Council management exodus

COUNCIL CHANGE: Mount Gambier City Council general manager city infrastructure Nick Serle has resigned from his role and will take a new position with Wattle Range Council. His departure will result in three vacant positions of council's executive leadership team.

By Raquel Mustillo

THE exodus of senior management staff at Limestone Coast councils has continued with three Grant District Council and Mount Gambier City Council’s top-ranking executives resigning from the authorities.

Long-serving Grant deputy chief executive officer Jane Fetherstonhaugh resigned last month after being stood down from her position in October due to misconduct complaints by council’s chief executive officer and the mayor. 

Ms Fetherstonhaugh’s official resignation follows the departure of council’s community development coordinator Jayne Miller, who was instrumental in the establishment of the Mount Gambier Regional Airport. 

Ms Miller has accepted a position as Naracoorte Lucindale engagement and community manager and will work alongside former colleague and council’s current chief executive Trevor Smart, who headed Grant District Council for almost six years from 2012 to 2018.

Applications for an executive assistant are currently open following the departure of another member for the executive team in December.

In a statement, Grant District Council confirmed Ms Fetherstonhaugh resigned from her position on December 23 and acknowledged her 12.5 years of dedicated service.

“…we wish her all the best in future endeavours,” the statement said.

On December 22, a special meeting was held to discuss a single item – proposed change to organisational structure – in confidence, citing legal matters and unreasonable disclosure of a person.

According to minutes, the matter related to information relating regarding the employment conditions and potential future employment of council employees.

The minutes said the disclosure of the information would be unreasonable because certain information is sensitive and confidential and was not a matter of public knowledge. 

Sources have indicated the deputy chief executive position has been made redundant and will not be filled.

Ms Fetherstonhaugh held the chief executive position for an interim period of almost six months following the sudden termination of former chief executive David Singe in April 2019. 

In December 2020, an investigation into councils’ confidential meetings revealed councillors offered Ms Fetherstonhaugh $175,000 to take on the position after she had declined two previous offers.

Ms Fetherstonhaugh previously told The Border Watch she would have accepted the position if the “non-negotiable condition” of committing to following the Charter of Agreed Behaviours which was adopted by council in June 2019.

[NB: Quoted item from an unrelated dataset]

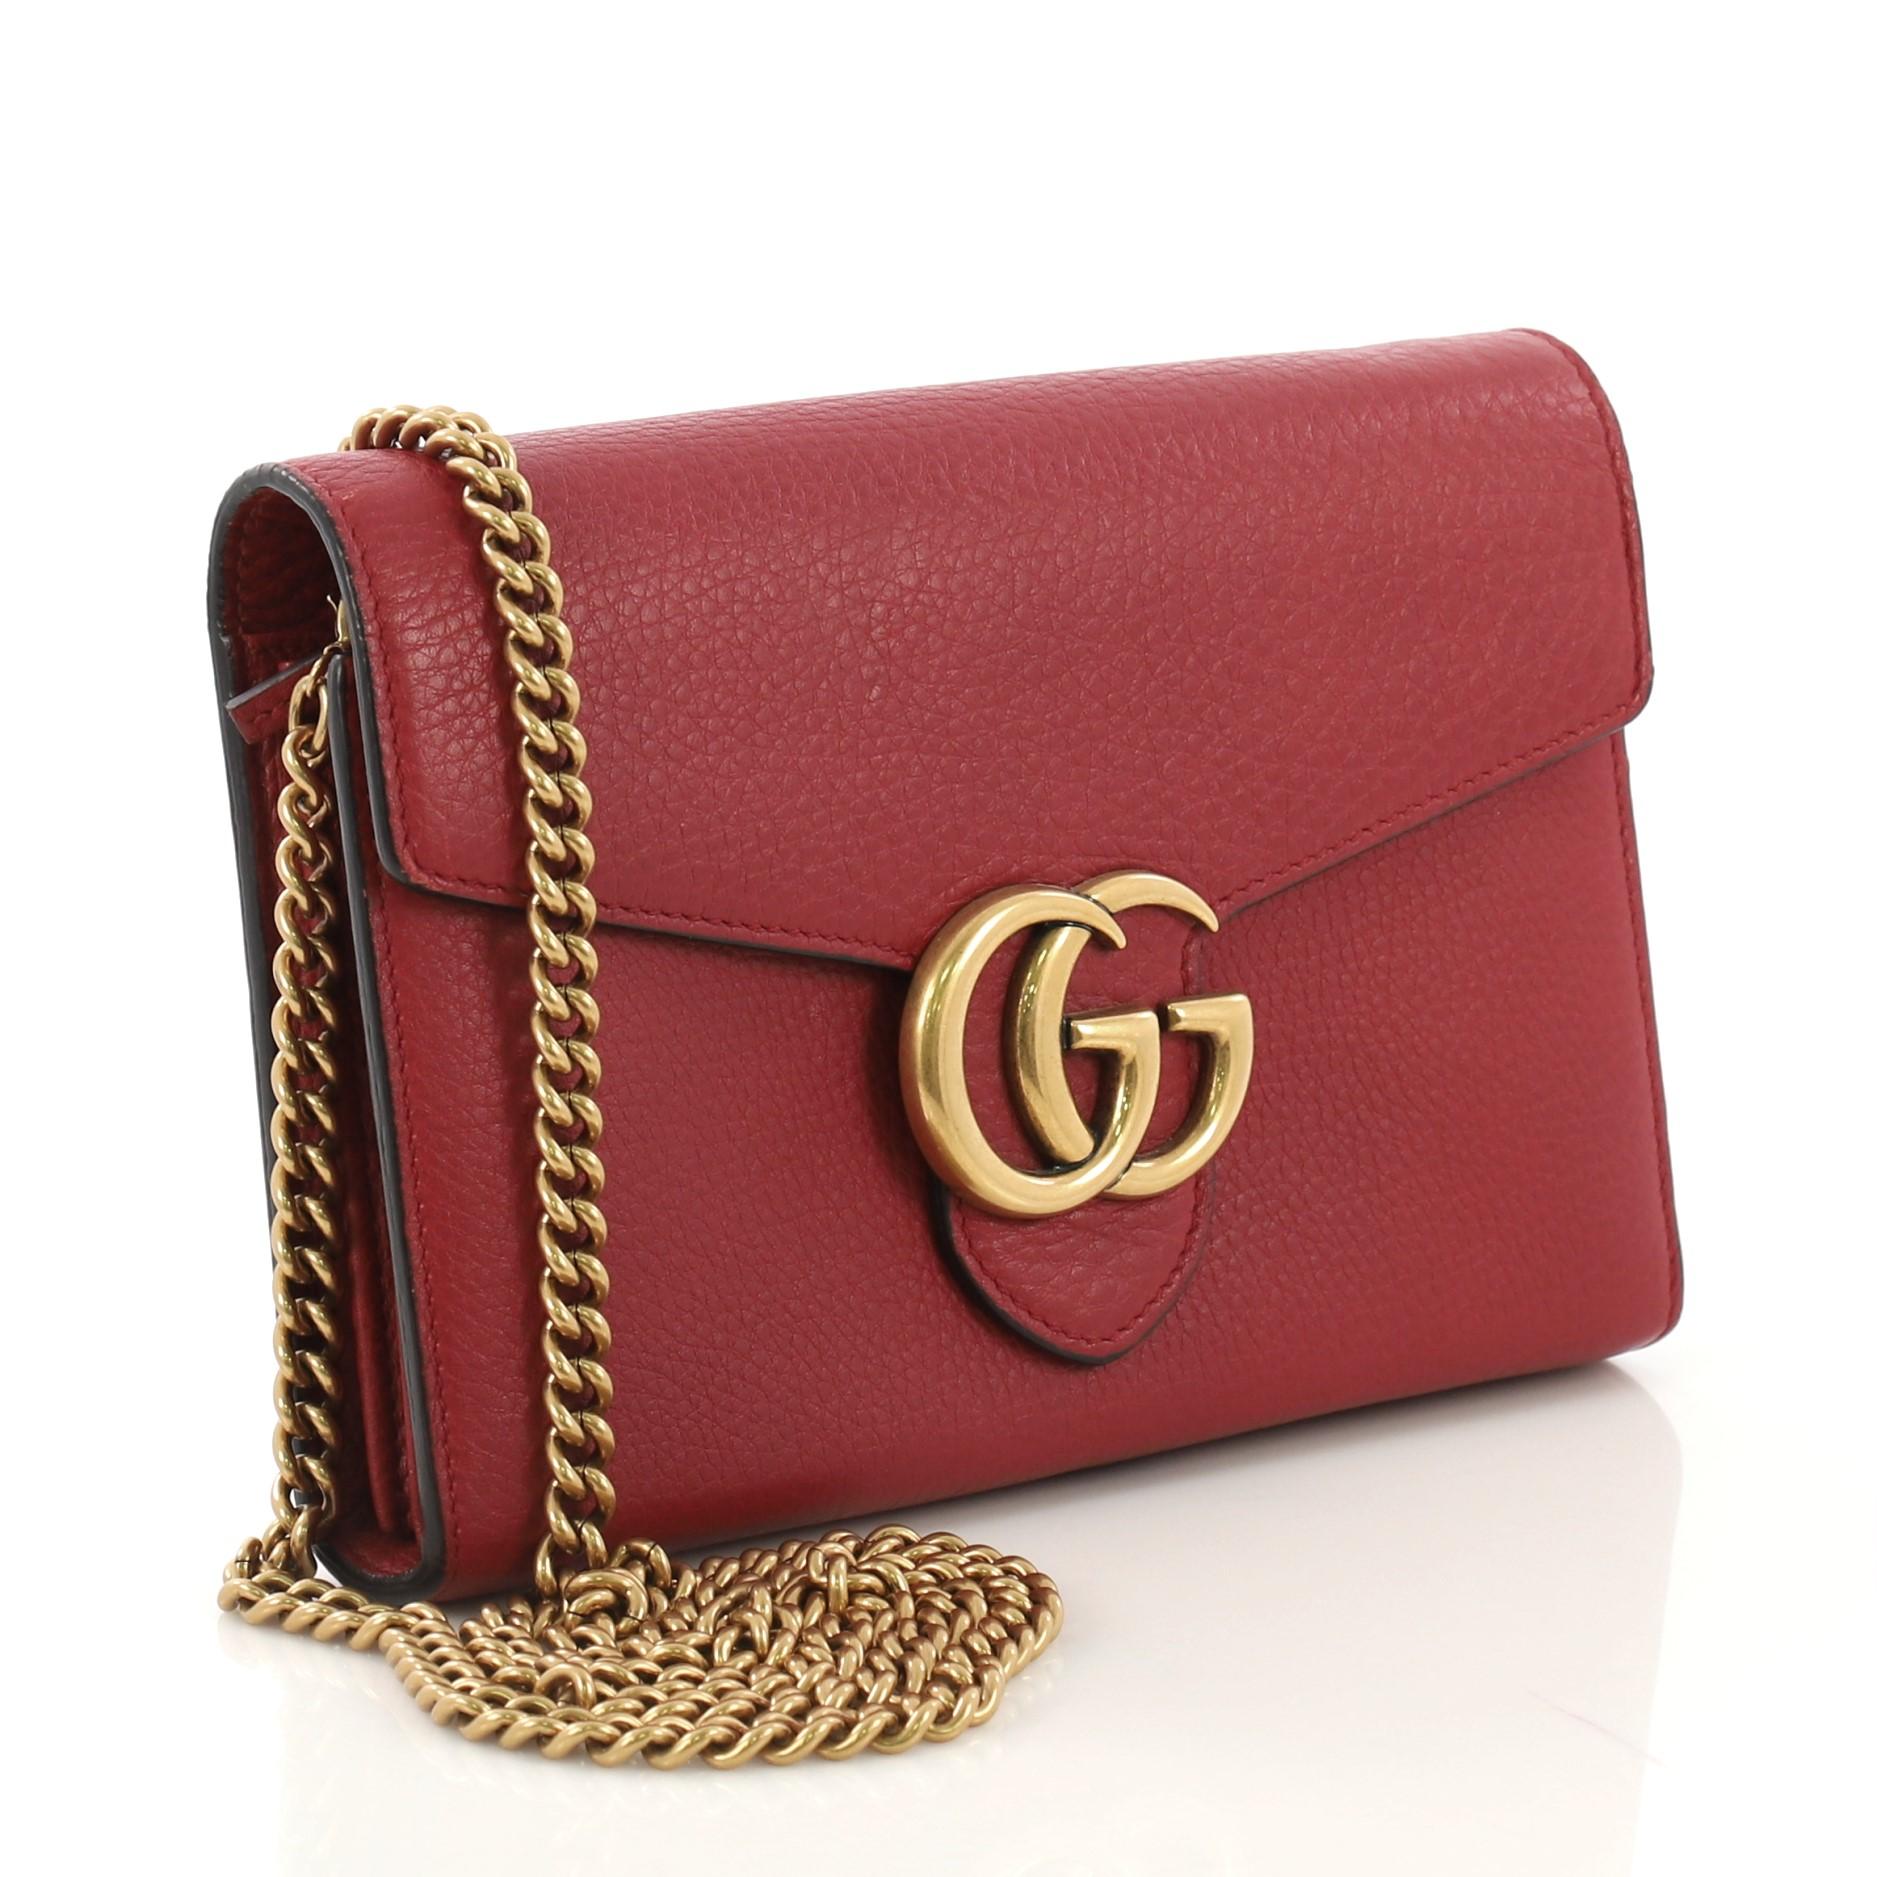 This Gucci GG Marmont Chain Wallet Leather Mini, crafted from red leather, features chain-link shoulder strap, interlocking GG logo, and aged gold-tone hardware. Its snap closure opens to a black fabric and red leather interior with multiple card

When questioned on the deputy chief executive position, council’s chief executive officer Darryl Whicker said the matter concerning organisation was currently a confidential matter.

“Council’s statement on this matter has already been provided,” he said.

However, Mr Whicker said it was council’s intention to review and replace the community development coordinator with a similar position, with advertising to occur in coming weeks. 

In response to a question on whether there was an exodus of staff leaving council, Mr Whicker said there was no discernible difference in staff turnover from previous years and under previous administrations. 

Mount Gambier City Council general manager city infrastructure Nick Serle has stepped down from the role, leaving three out of four executive management team positions vacant.

It is understood Mr Serle has accepted a position at Wattle Range Council.

Combined with the resignation of former chief executive Andrew Meddle and general manager city growth Judy Nagy last year, Mr Serle’s exit comes as council pursues its biggest project in its history.

Originally touted as a $39.1m project, the Mount Gambier Community and Recreation Hub – now known as the Wulanda Recreation and Convention Centre – was announced by Mr Meddle in August 2020 as increasing to $57m.

Confidential documents obtained by The Border Watch showed a true project cost of $64m, with Mr Meddle ultimately conceding there are “two different costs” for the build, which was unable to be publicly released due to commercial sensitivities.

The position of general manager shared services has yet to be filled despite applications for the five year fixed term contract closing on July 27.

General manager community wellbeing Barbara Cernovskis has retained her role while serving as acting chief executive officer since Mr Meddle’s resigned 18 months into his contract.